When it comes to filling the rooms, try to keep it simple. With my students, they can get overwhelmed if given a lot of options right in the beginning, so you may want to look at creating a flow chart for the different kinds of spaces that you will have. For example, perhaps the "classroom" flow chart has two options: Core subject or Elective. If they choose core subject they get the choice of tables or desks. Those lines would end with a number (Buy 30 desks or Buy 6 tables). Maybe the elective room would only have the option of tables. This will still give the students the opportunity to make decisions about what goes in each room, but isn't as daunting as giving them a catalog and asking them to buy chairs for the school.

These are some of my initial thoughts, and I wish you luck!

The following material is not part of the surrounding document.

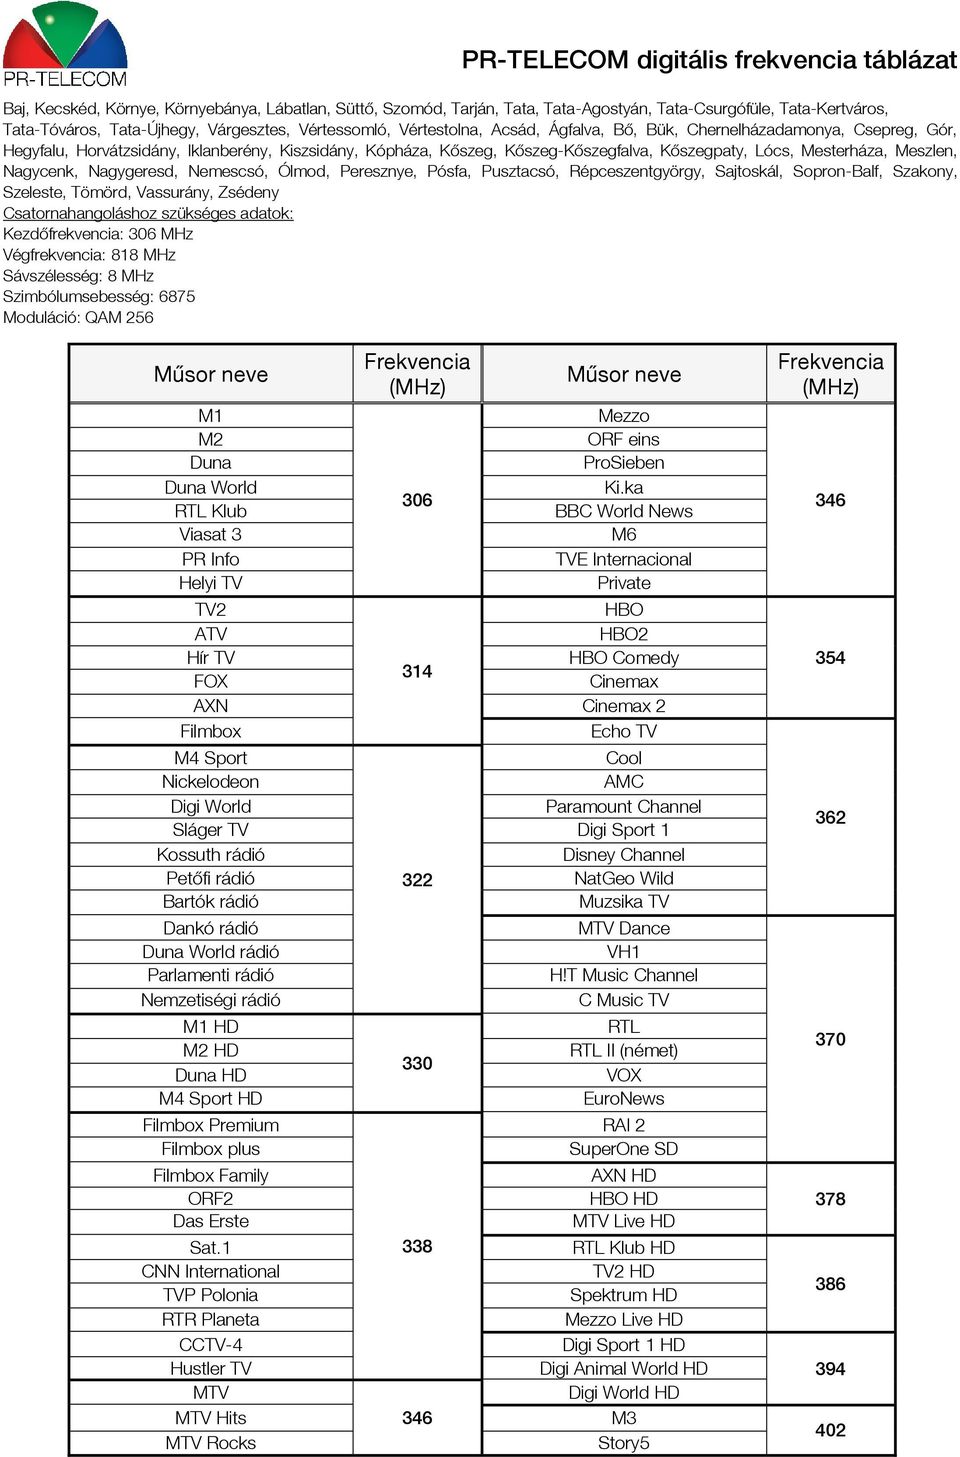 PR-TELECOM digitális frekvencia táblázat - PDF Ingyenes letöltés

Thank you so much for the response. You have some great ideas, and it really opened up my mind into alot of things. The first that came to my mind was that you were right in the fact that I would be giving them a way too broad of topic to cover. I was thinking of giving them different geometry concepts for different rooms. Maybe I would take your floor idea and use it to construct the gym. Then maybe take another geometry concept and use it to build some of the cafeteria, or math classroom, and so on.

I really think I'm getting a better idea of what I want to do with this and how it can better the students. I appreciate your thoughts Karl.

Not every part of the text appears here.